Why You Need to Screen Business Advisors Carefully
Brian Friedman
Co-Founder at SuperMush / Into The Multiverse & Founder at Rolling Thunder Ventures
The following is adapted from Takeaways: Secret Truths from Leading a Startup.
Good advisors are the key to success, but choosing them is often a challenge.
I quickly discovered that in Silicon Valley, there is no shortage of people who want to be mentors. They are fellow entrepreneurs, angel, and institutional investors, venture capitalists, corporate executives, lawyers, consultants, engineers, accountants, and academics, to name only a few.
Every pitch day, incubator, meetup, workshop, or after-hours party is a potential introduction to a key relationship. Friends and family make connections, and even distant acquaintances can offer beneficial networking opportunities.
Don’t Be Too Quick to Trust New Friends
When you are launching a new business, everyone wants to be your friend. They can’t resist the allure of the next big idea and being connected to the person who had it. Like entrepreneur groupies, everyone is hoping you might be the next Steve Jobs, Mark Zuckerberg, or Elon Musk.
So how do you sift through the crowd and find quality advisors? Create a filter and screen mercilessly.
As you build your presence by networking and sharing your idea, look for reputable people. Identify individuals who resonate with your concept, give actionable recommendations, and suggest others who might be helpful (prospective employees, business partners, corporate lawyers, investors, etc.).
In my experience, launching a startup makes you vulnerable, and you must develop a strong radar for authenticity.
Along the way, you will meet a variety of people. Some are delightfully supportive with truly valuable insights; others are overly inquisitive with unclear motives; more than a few are sly and greedy, always looking for a quid pro quo (stock or consulting fees). The fear that someone will steal your concept is real, but the greater threat is that too many of these people will simply waste your time.
Framework for Finding the Best Mentors
As I looked for advisors, I had both successes and failures. I learned from both and, as a result, developed a framework for finding the best mentors:
- Find someone who has walked in your shoes. I met Steve Eidelman (one of the co-founders of Whistle) through some business acquaintances. Steve’s company created a smart dog wearable and data analytics company, and his expertise and experiences have been invaluable to me. From launching a company to daily operations and ultimate merger and acquisition, Steve has helped me form and run my own business and has saved me from more than a few pitfalls. A few years ago, he recommended Jim Camp’s excellent book Start with NO: The Negotiating Tools That the Pros Don’t Want You to Know. Steve used the strategy from this book during Whistle’s successful sale to a large multinational pet food company, and I took a similar approach during my own M&A discussions.

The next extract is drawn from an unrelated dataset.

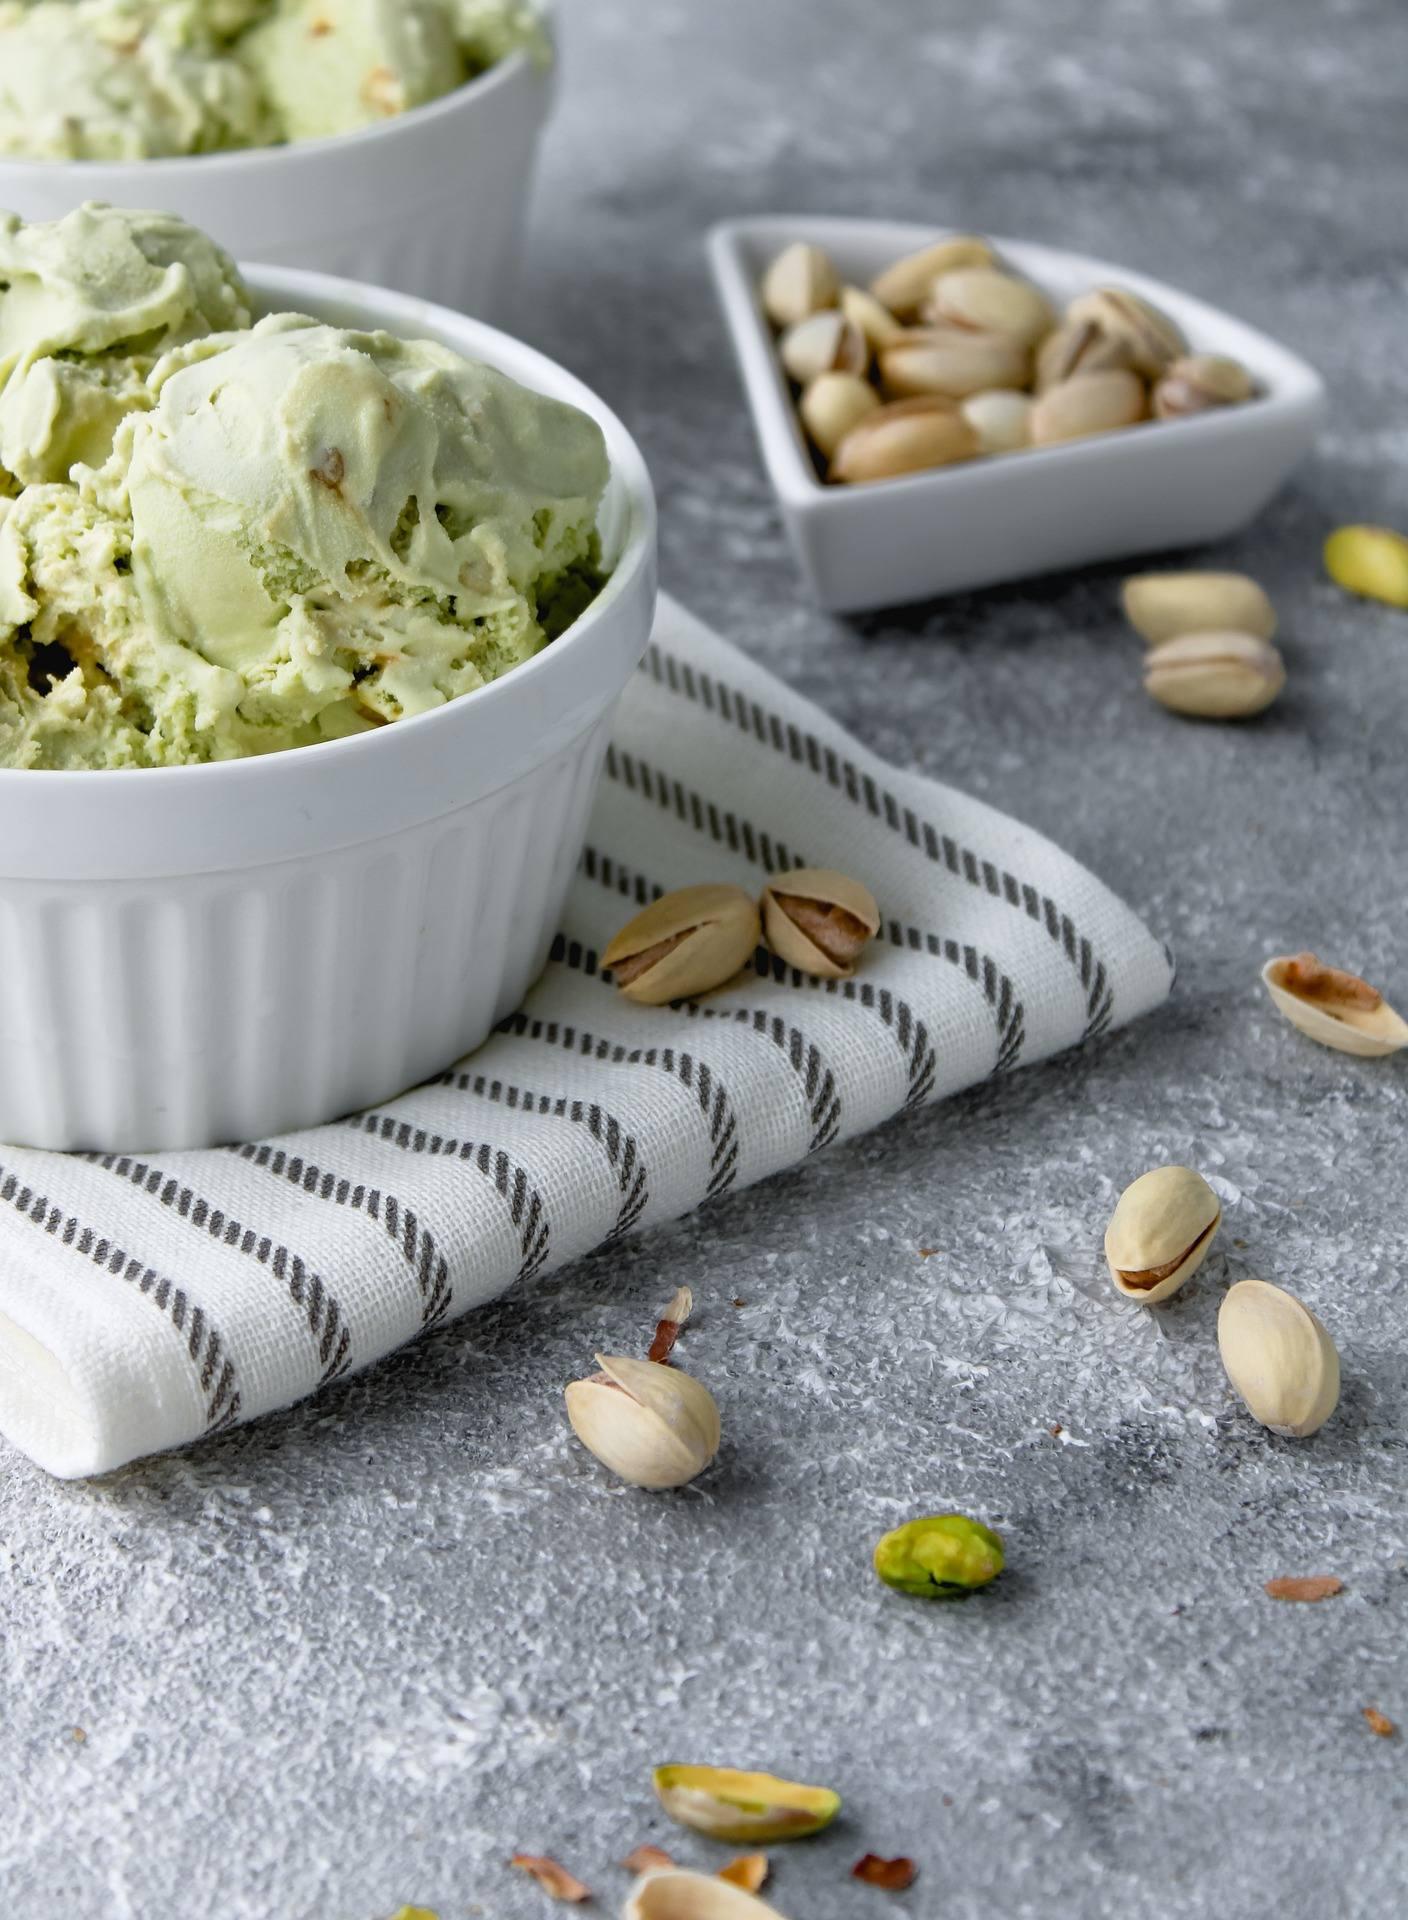 Helado de pistacho sin azúcar, receta rápida con solo 3 ingredientes y sin heladera 2

- Find someone who aligns with your vision. When we hired the brilliant David (Duppy) Proctor to help consult on developing our firmware (software running our badges), we could not have predicted his genuine interest in Loopd. His excitement and shared vision were a happy accident for our business as a whole. With years of hardware engineering experience, Duppy worked closely with us at the outset and even scheduled calls with our engineering team after his official involvement ended. In many ways, he served as an unofficial CTO.
- Find someone who will offer blunt honesty. Because Mark Goldstein served as a startup portfolio advisor to Marc Benioff (CEO of Salesforce and one of our major investors), he helped evaluate our business trajectory at critical moments. In early 2016, he offered key insights about whether to raise funds or to plan our exit. With his knowledge of other Silicon Valley and San Francisco startups and years of personal experience operating companies of all sizes, Mark served as a fantastic sparring partner. He quickly shot down bloated ideas and enthusiastically supported grounded ones.

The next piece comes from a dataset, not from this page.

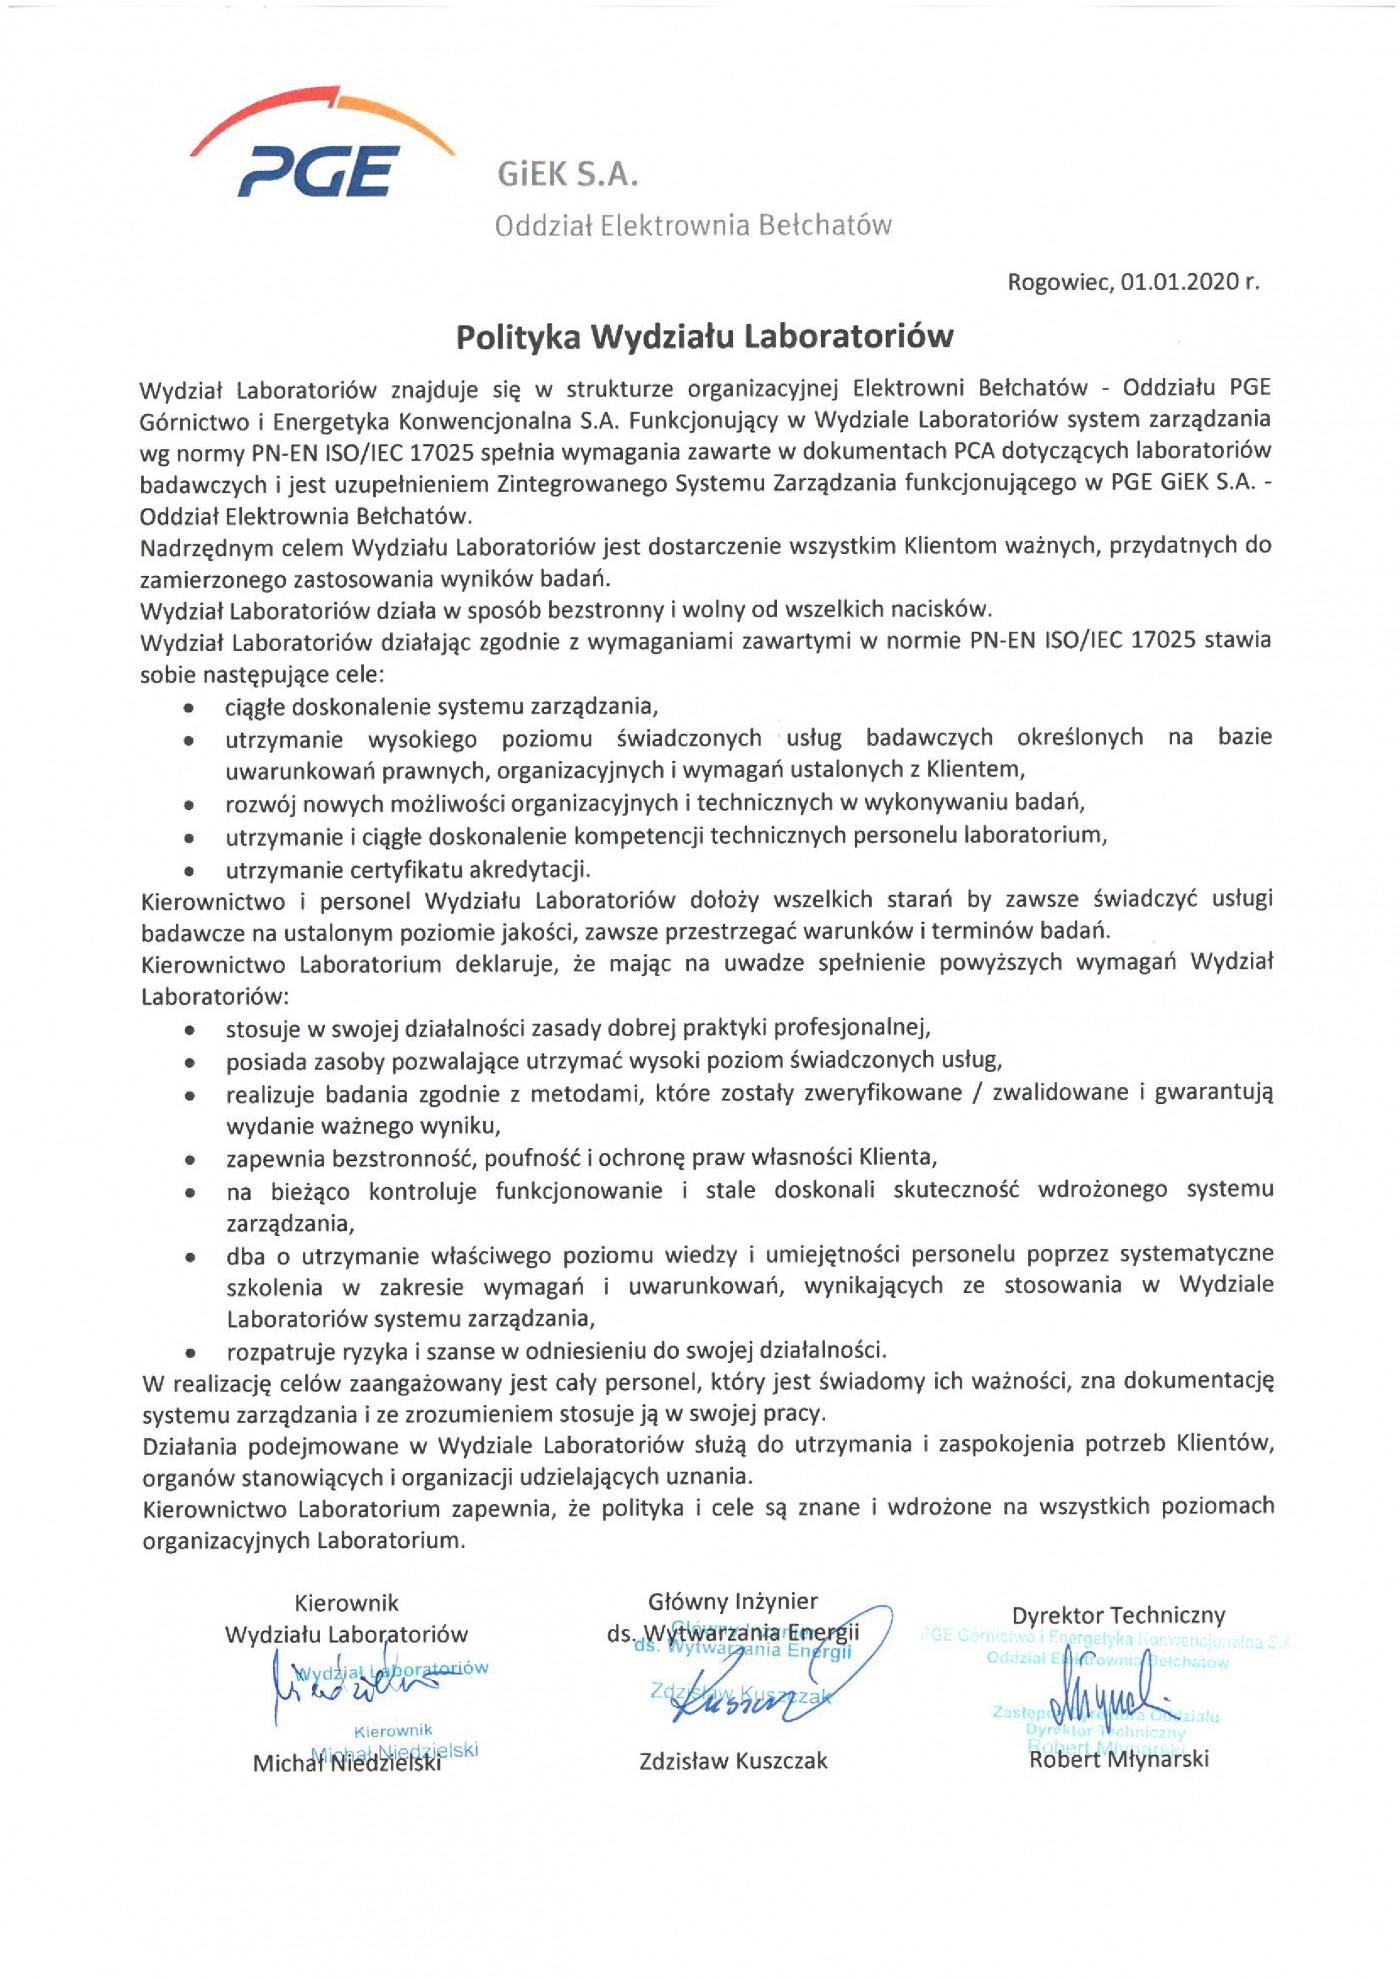 polityka-twl_wyd-1_2020.jpg

Before I had strong filters, I experienced some negative experiences with advisors. I am omitting names for the sake of privacy, but the challenges are worth sharing:
- Avoid advisors with ulterior motives. I met a former academic with impressive credentials at an event where she was a speaker. With a shared common interest, we arranged a lunch to discuss the original Loopd technology concept. Our lunch ended positively, and I was excited about follow-up conversations. We exchanged a few emails, and then I received a letter from her lawyer a few weeks later to integrate our intellectual property into her patents. This was a shock and a disappointment, as we had never discussed patents. The proposal became a distraction and ultimately soured our relationship.

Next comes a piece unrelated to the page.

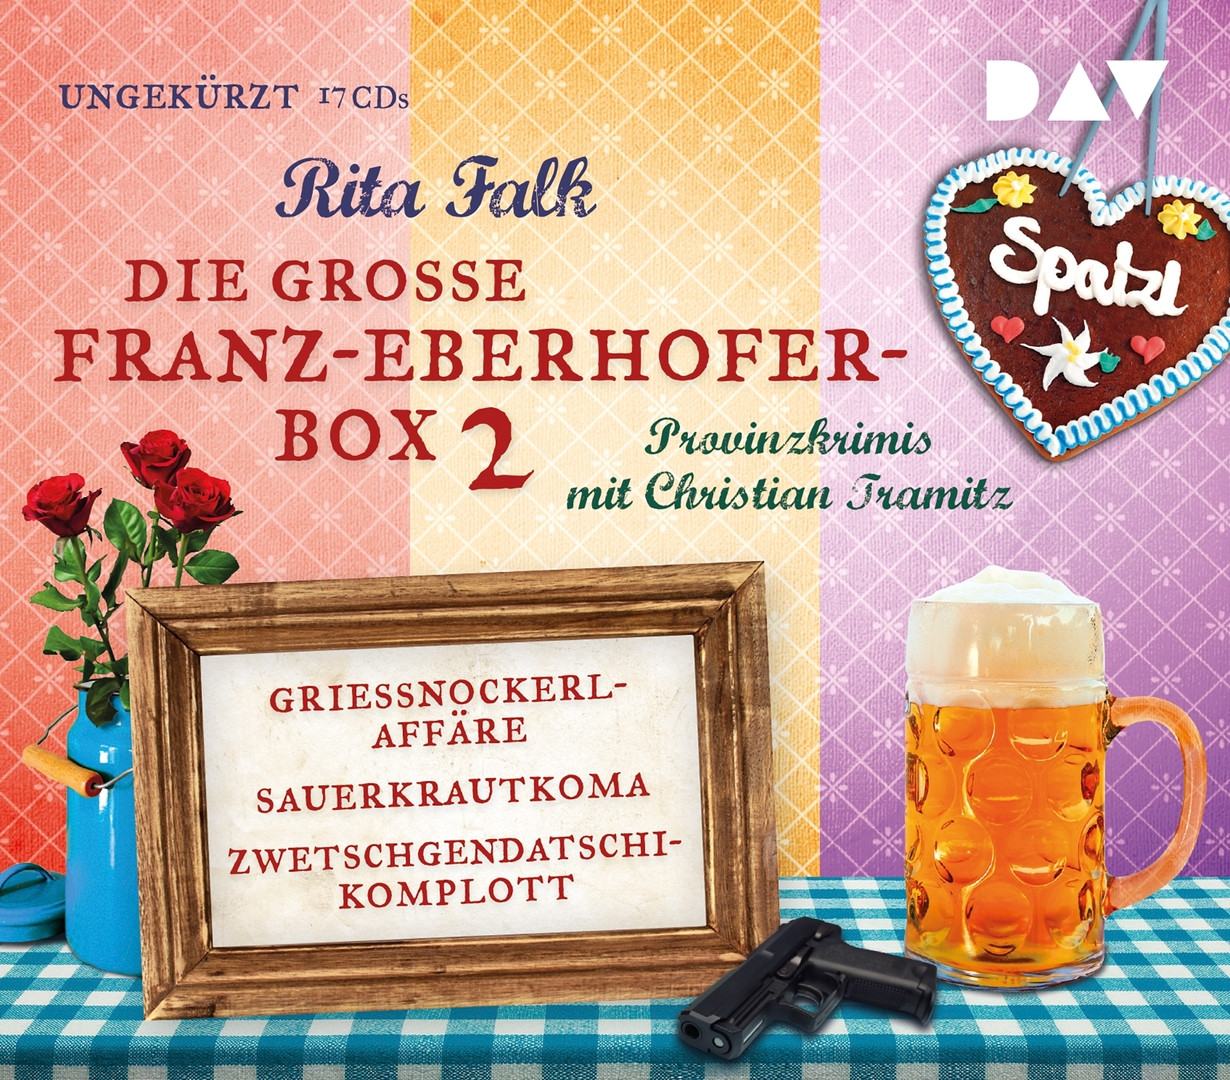 Rita Falk - Die große Franz-Eberhofer-Box 2

- Avoid advisors looking for a free piece of the action. When it comes to giving equity to advisors, it is very easy for things to go sideways even with someone you trust and like. Though I appreciated advisors’ many insights, my experiences colored any discussions about complimentary equity. Consequently, I decided I would only grant stock to advisors if they invested in Loopd.
Should You Grant Stock to Advisors?
Initially, I set work goals for advisors such as three to five hours of consulting a month or three introductions per quarter as a way to earn their equity. Although this was a good concept, it was too complicated to quantify and measure.
In the end, I told my advisors they could receive shares only by investing. No one objected because the excitement of the startup ecosystem hinges on the risk of betting on new companies and ideas. I also found that the best advice came from serious investors whose financial commitment aligned directly with the success of my startup. Active investors offer the best guidance for the overall interest of the company.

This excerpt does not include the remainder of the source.